For details on how to use mercurial itself you can refer to the excellent online book.
My normal environment is one where I work with mercurial on small/medium size projects, where I'm either the a developer with repositories where people can pull from or I send out patches to other developers. I publish some of my repositories in a public place, but I'm not using it as a shared central repository (which is no problem at all, but it's just not something I do).

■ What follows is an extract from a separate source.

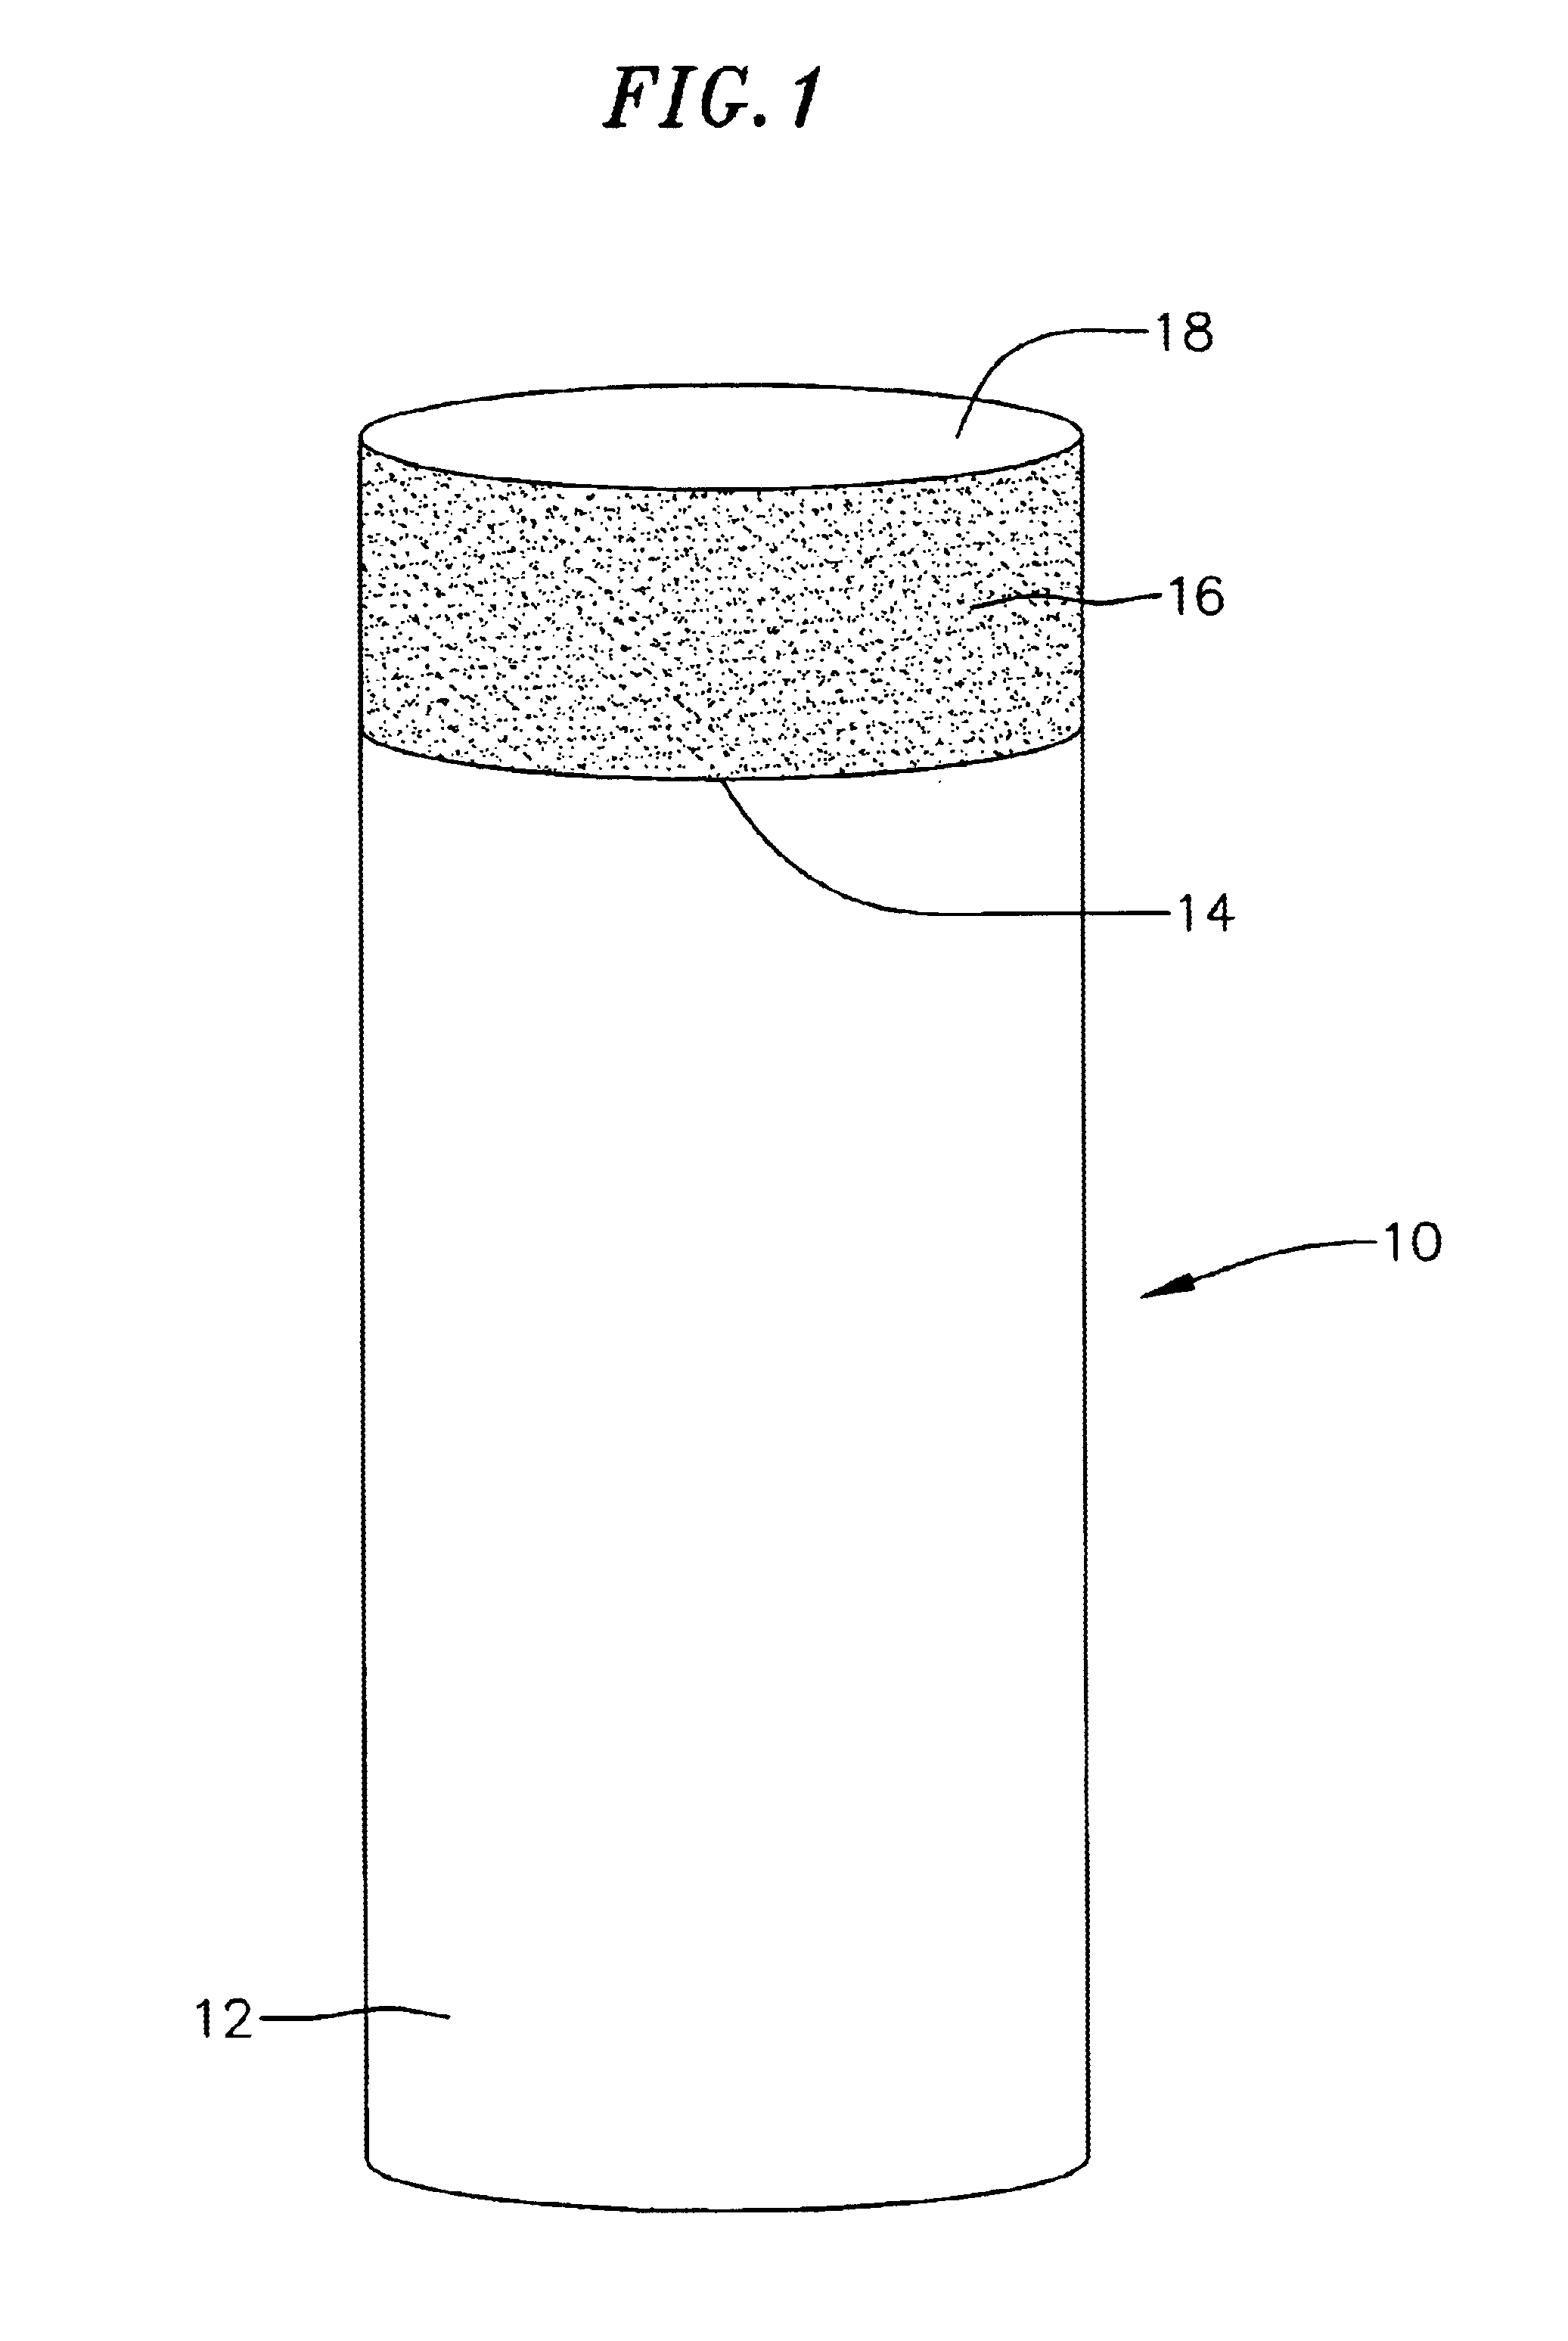 Method of forming cutting elements

For small and simple code, and system configuration files, I just use a single repository. Because there's no cost in setting up a repository, whenever I find some code laying around, I just hg init; hg addremove it. This is also the case when contributing a one off patch to an existing project. I just grab the tar.gz and initiate my mercurial repos. Then I have all the tools to write the patch. If a new version comes out a later date, tracking those changes and my patch also becomes simple.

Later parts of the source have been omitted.